Она заставила детей умолкнуть, и под ее властным взором они до самого дома сидели тихонько. Но со стороны Амели это было чистейшее притворство: сердце ее переполняла радость от того, что она вновь видит этих шалунов. Она обожала своих детей, любила их всех одинаково, без материнской слепоты, без баловства. Строгая, требовательная к себе самой, она была такой же и с другими. Слуги говорили о ней: "Взыскательная барыня", а дети - "У нас мама сердитая". Она и в самом деле была сторонницей твердости в воспитании, полагая, что суровость закаляет характер и отлично его формирует. Она забыла, как страдала сама в детстве, не видя от матери ласки, не встречая в ней понимания; впрочем, она-то полна была нежной любви к своим детям, но проявляла ее только в самоотверженных заботах о них, в неусыпной бдительности, в неустанном внимании к ним. Будучи замкнутой по натуре, все переживая внутри себя, она боялась внешних проявлений чувствительности, тем более что стала матерью уже не в годы наивной юности.
Что до понимания, то она прекрасно понимала своих детей, - у них уже сказывались природные наклонности, во всяком случае у двух старших. У Теодора, так же как у отца, были большие способности ко всяким физическим упражнениям, он мечтал о лошадях и об охоте; в это лето ему исполнилось семь лет, то есть он уже вошел в разум, и ему дали в руки маленький детский карабин и стали учить его стрелять; Эмма, наоборот, была внимательная, усидчивая девочка, очень любила слушать разговоры взрослых, охотно злорадствовала над чужой бедой: для нее было большим удовольствием подметить чью-либо провинность; когда ее брат или кузены совершали какой-нибудь промах, проливали что-нибудь на скатерть, она вертелась и весело хохотала, радуясь их проступку и стараясь обратить на него внимание окружающих. Дедушка часто называл ее в шутку злючка-колючка. Она очень уважала свою двоюродную бабку - тетю Лилину, и влияние старой девы явно сказывалось на ней, хотя и умерялось отсутствием у Эммы врожденной хитрости.
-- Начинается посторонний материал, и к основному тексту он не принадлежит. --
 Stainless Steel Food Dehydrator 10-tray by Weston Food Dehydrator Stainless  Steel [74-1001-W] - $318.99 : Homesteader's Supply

В этой семье повторялись типические черты характера, передававшиеся не только от матери к дочери и от отца к сыну, но и от тетки к племяннице, от тестя к зятю, и, казалось даже, что эти свойства не столько наследуются, сколько воспринимаются путем воспитания или подражания живому примеру.
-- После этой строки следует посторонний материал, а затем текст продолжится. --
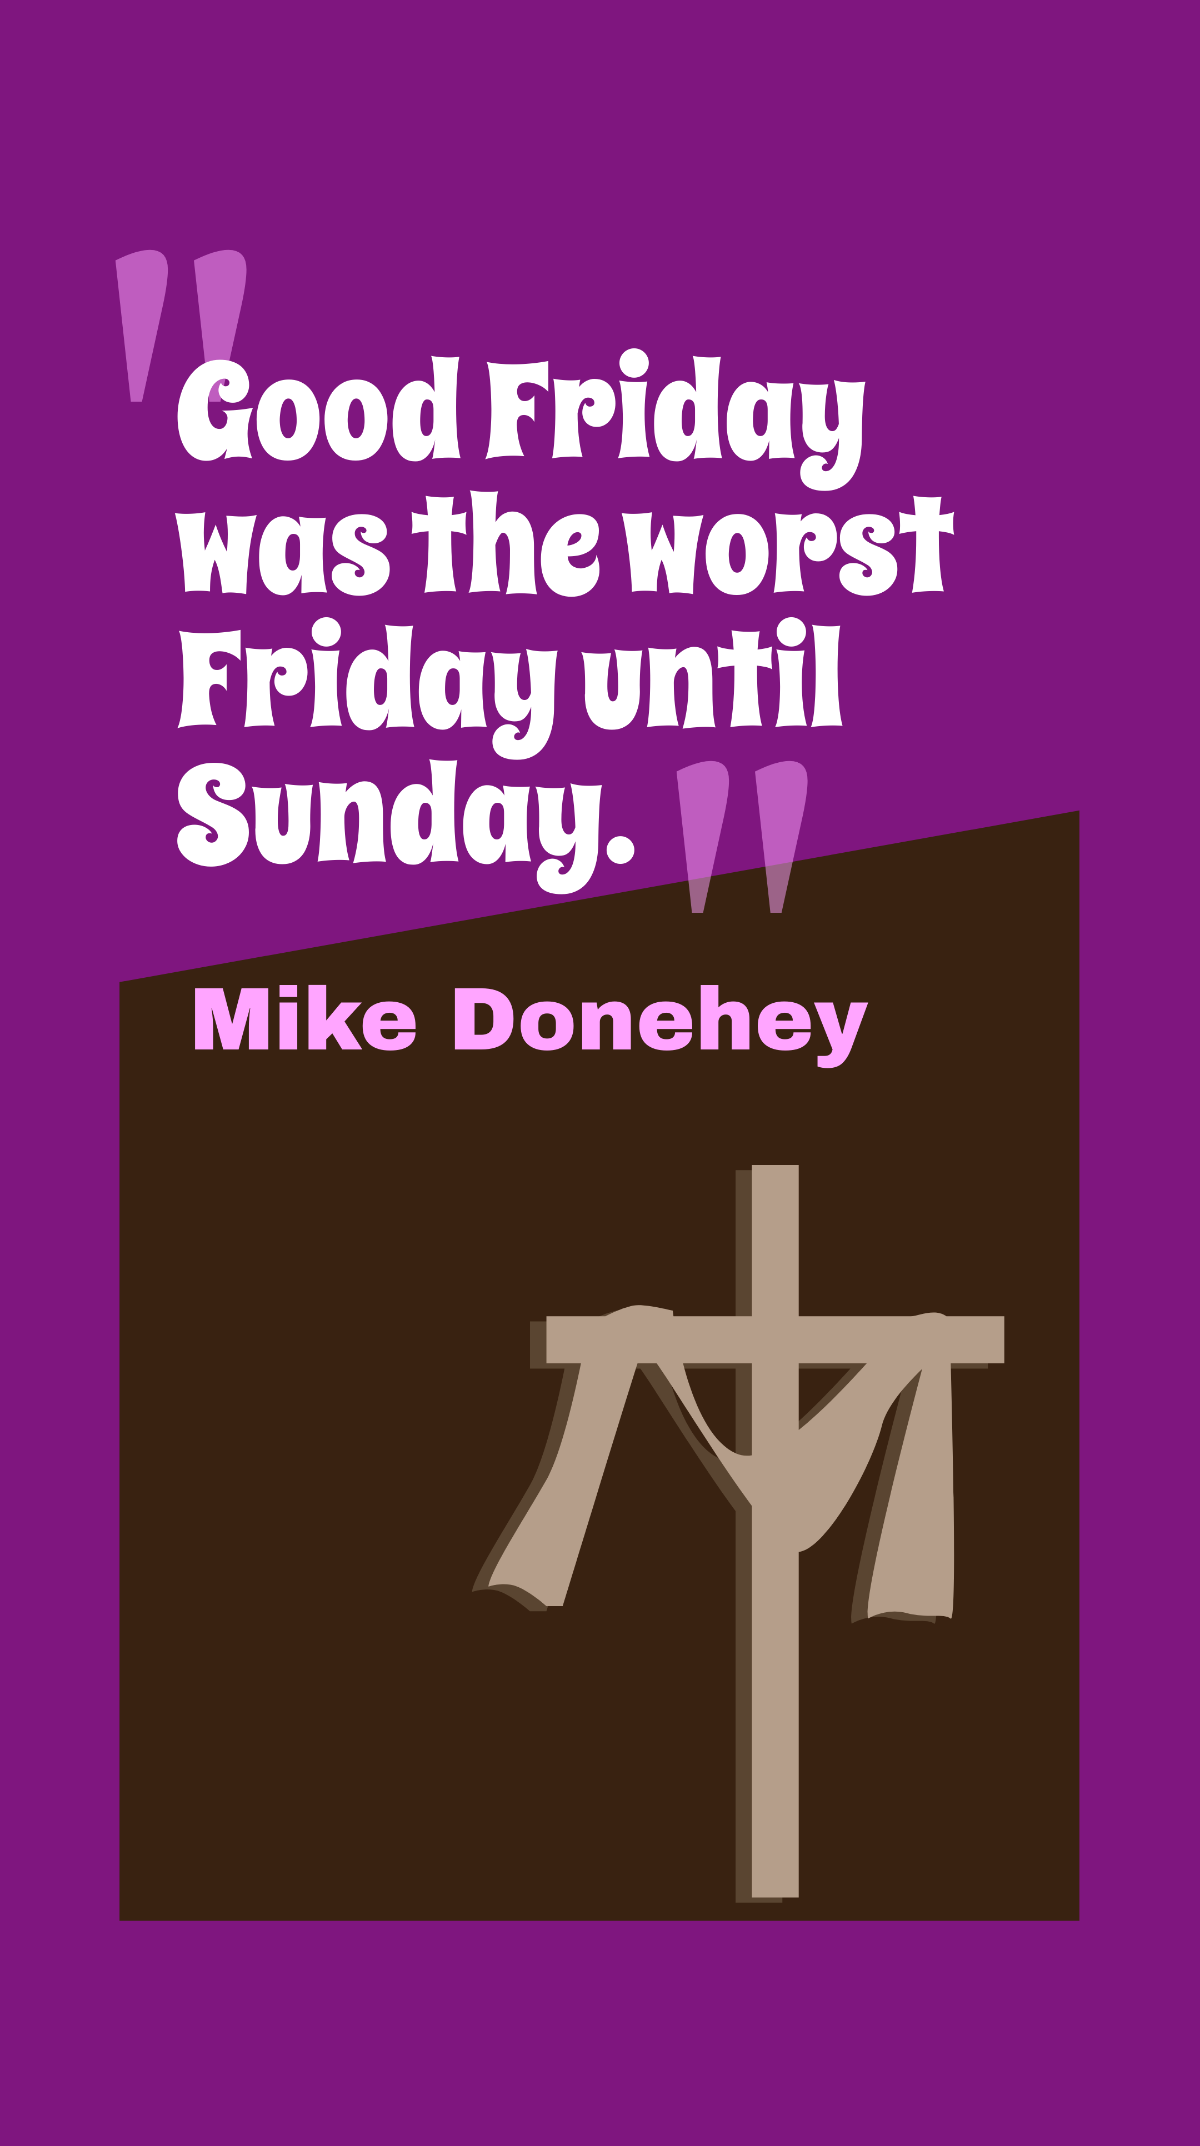 Mike Donehey - Good Friday was the worst Friday until Sunday. Template

Чувство Амели к дочери не ослабевало из-за недостатков Эммы: мать хорошо их видела, но надеялась, что воспитание исправит девочку. Госпожа Буссардель не принадлежала к числу тех матерей, которые любят своих детей за то, что они красивые или одаренные, или ласковые дети, - она любила своих малышей глубокой и постоянной любовью, потому что они были ее родные дети.
Амели пошла навестить Аглаю и увидела, что у нее зияющая рана выше колена. Нагноения, казалось, не было, но вокруг виднелись большие кровоподтеки, они чернели и на самом бедре. Госпожа Буссардель тотчас же велела запрячь лошадь и ехать в Сансер за доктором.